PROBLEM STATEMENT:
Lines before the one containing "The Greenway Trails" are not copied; that line and every one after it, through the end of the material below, are printed exactly, without pictures.

GIVEN DATA:
== Segment start ==
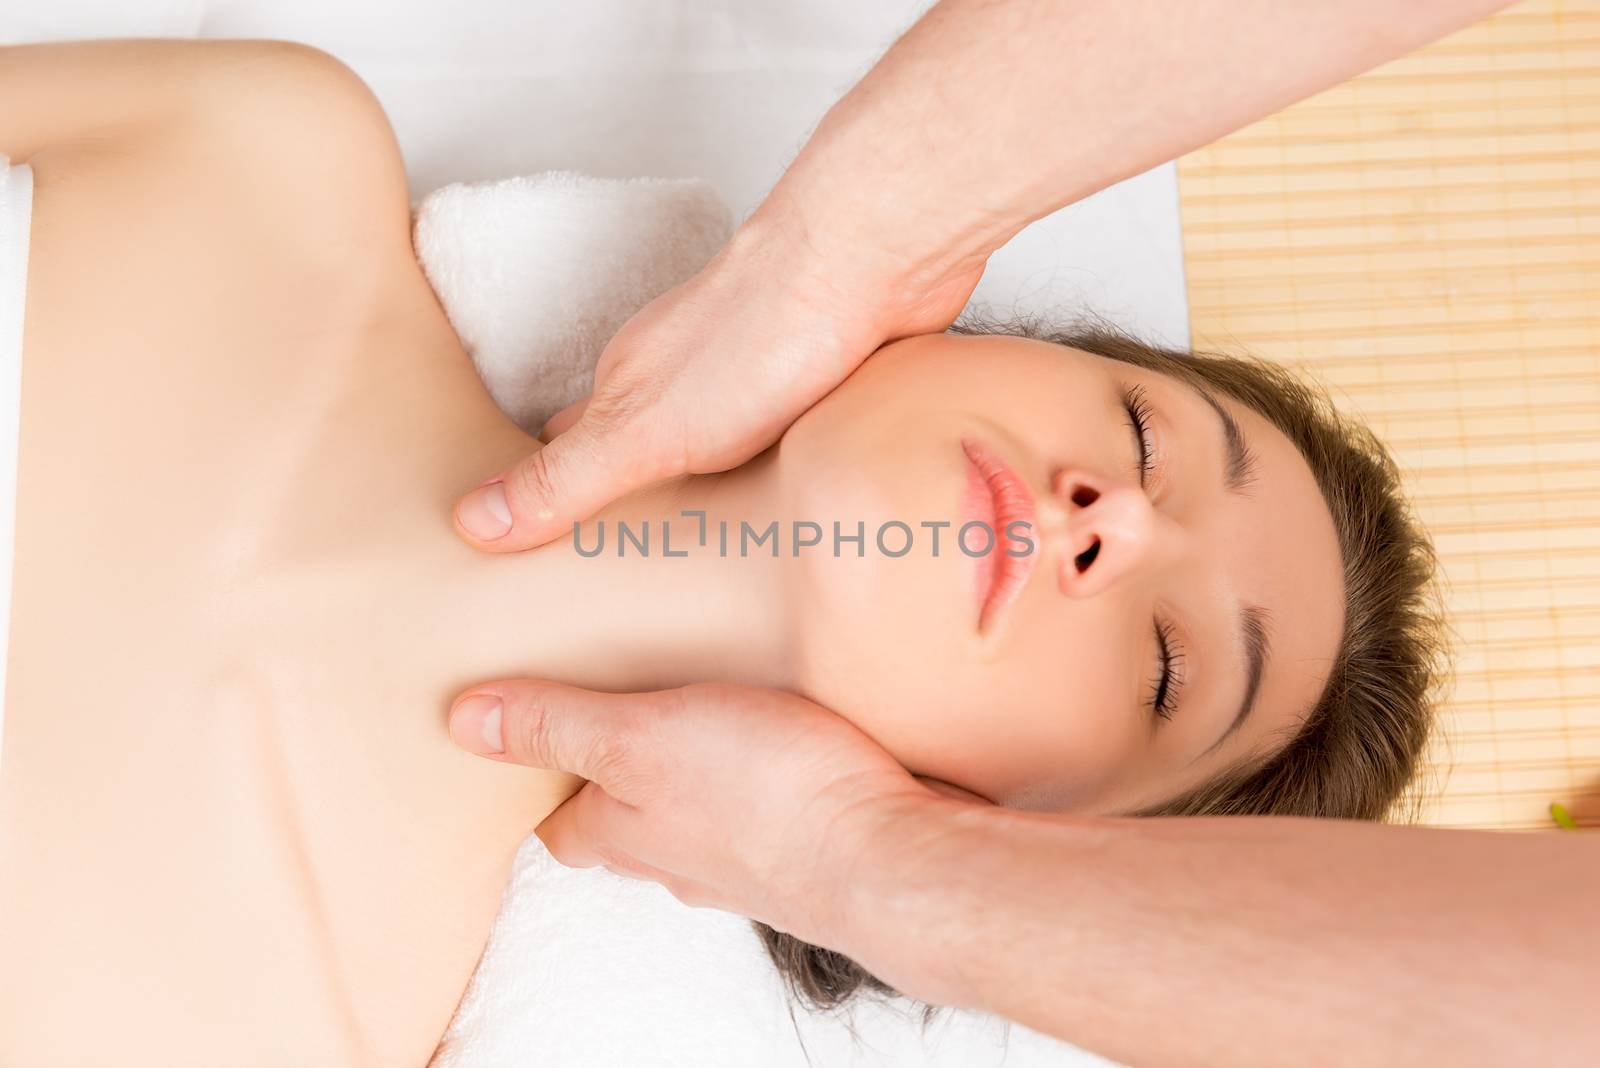 male hands on a female professional masseur neck and shoulders close-up
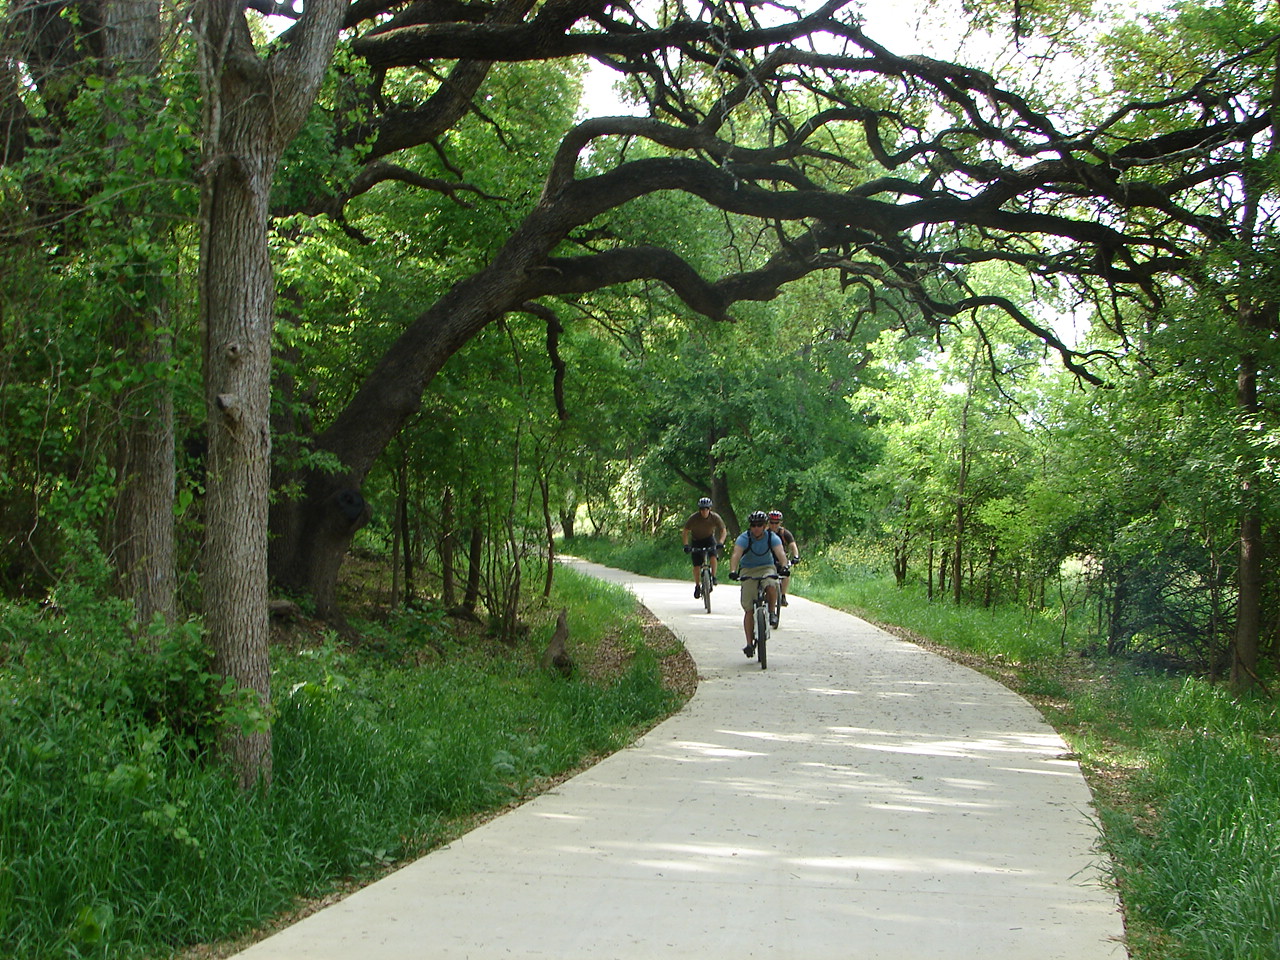 The Greenway Trails
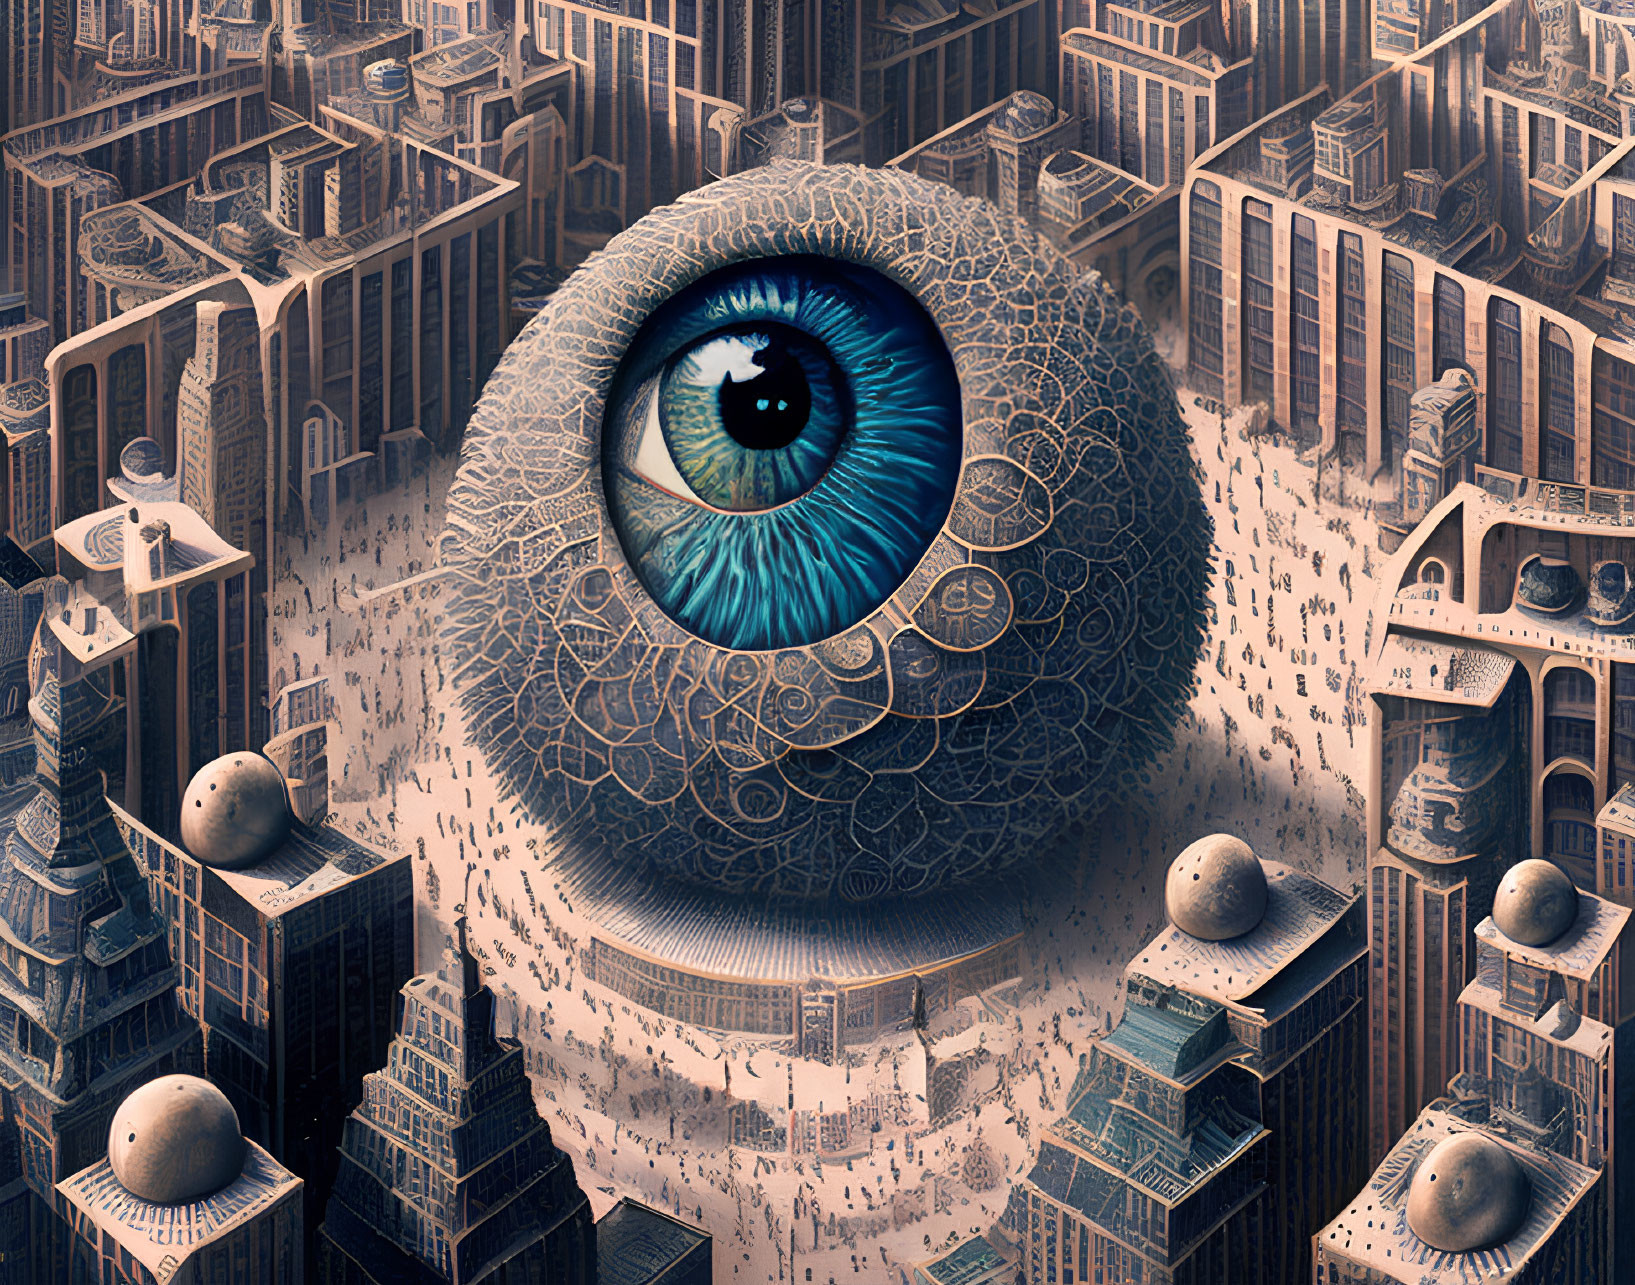 Surreal artwork featuring giant eye in urban labyrinth
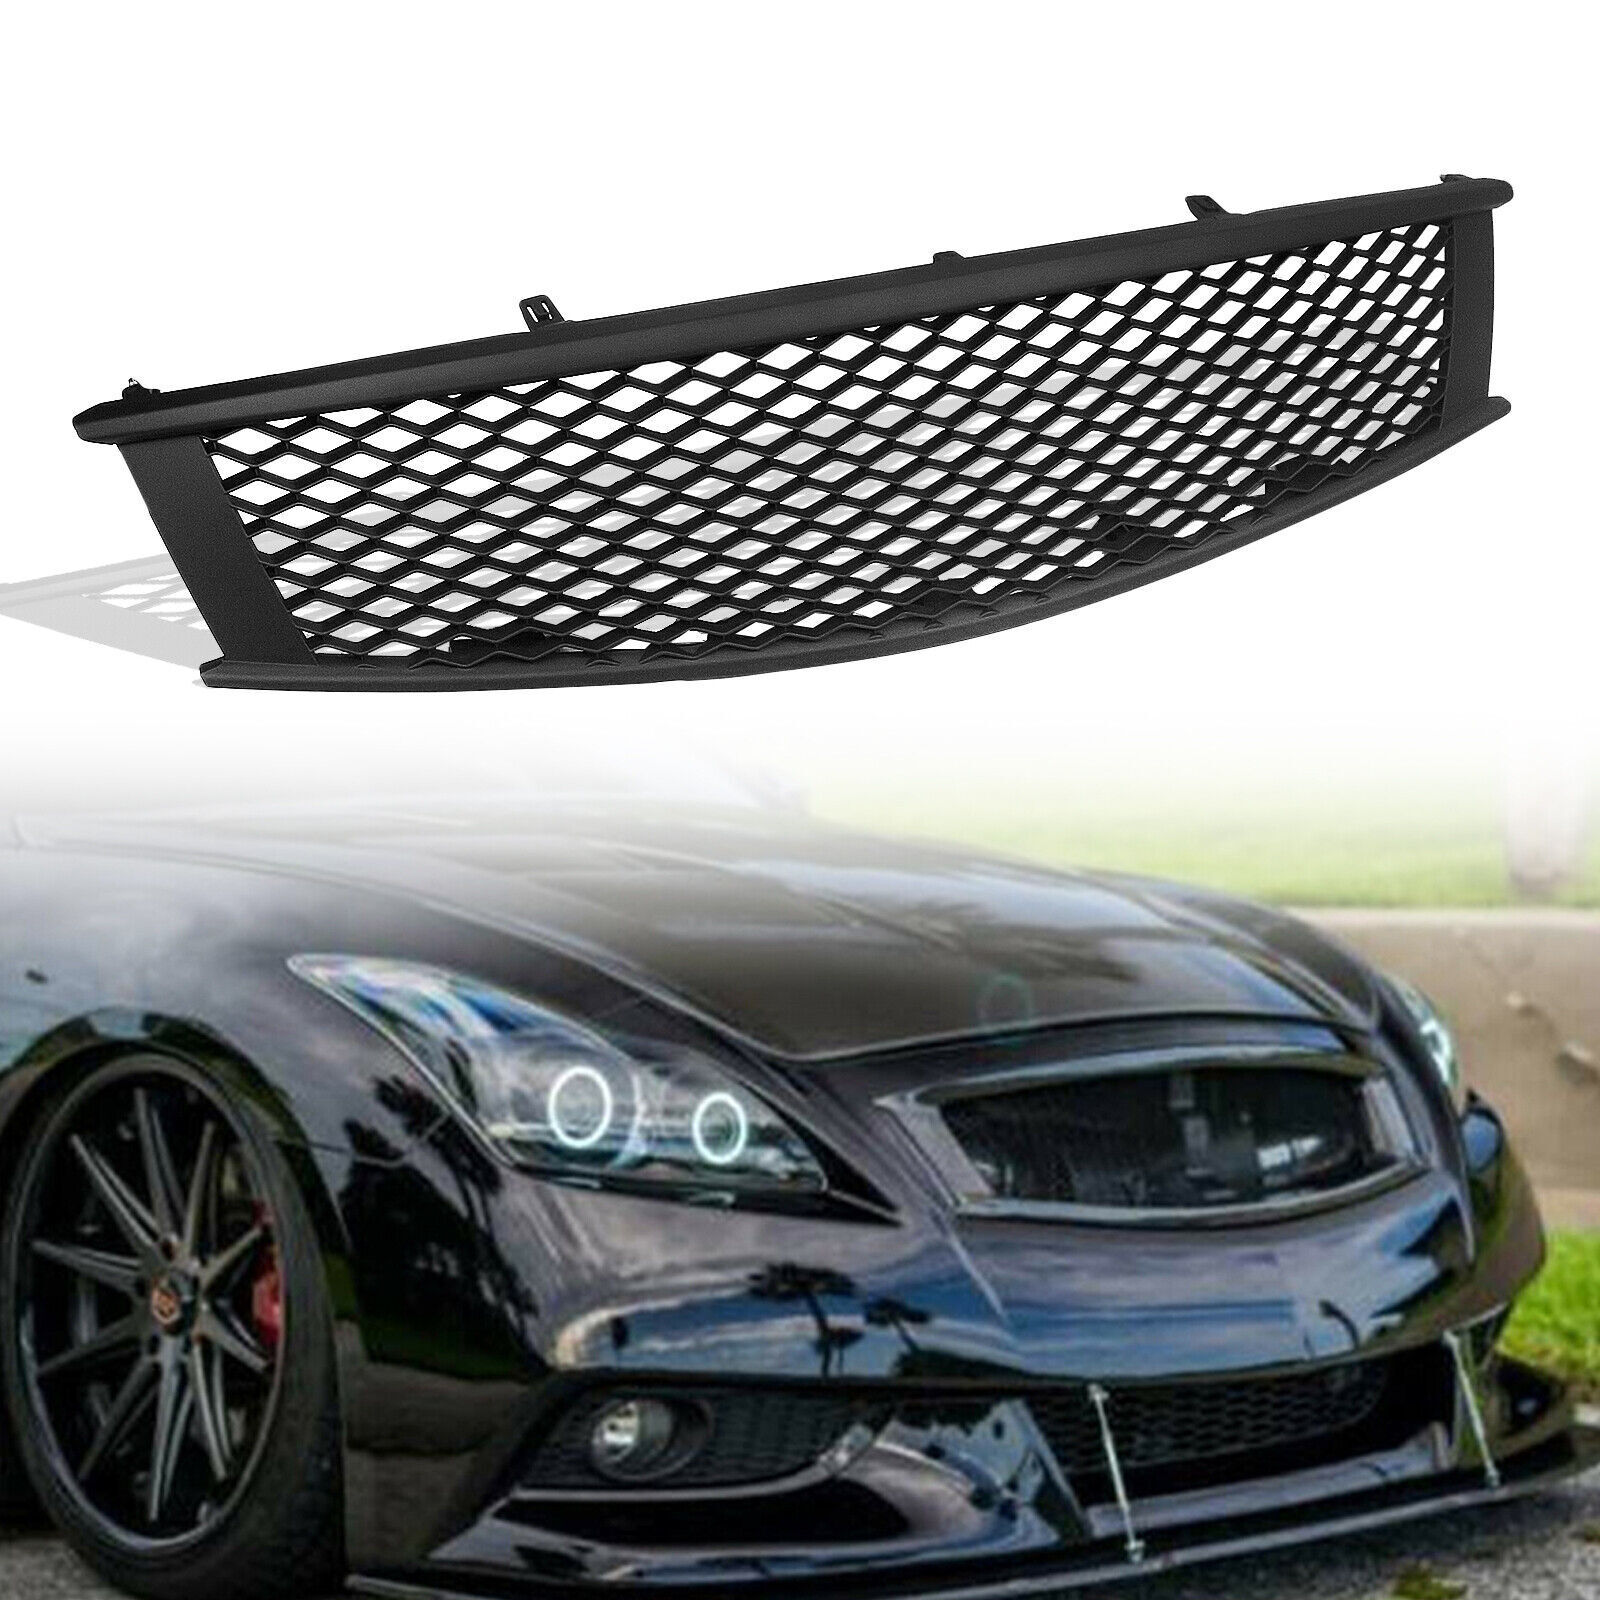 Matte Black Front Grille Mesh For 2008-2013 09 Infiniti G37 Coupe 2014-2015 Q60
== Segment end ==
ANSWER BELOW:
 The Greenway Trails
 Surreal artwork featuring giant eye in urban labyrinth
 Matte Black Front Grille Mesh For 2008-2013 09 Infiniti G37 Coupe 2014-2015 Q60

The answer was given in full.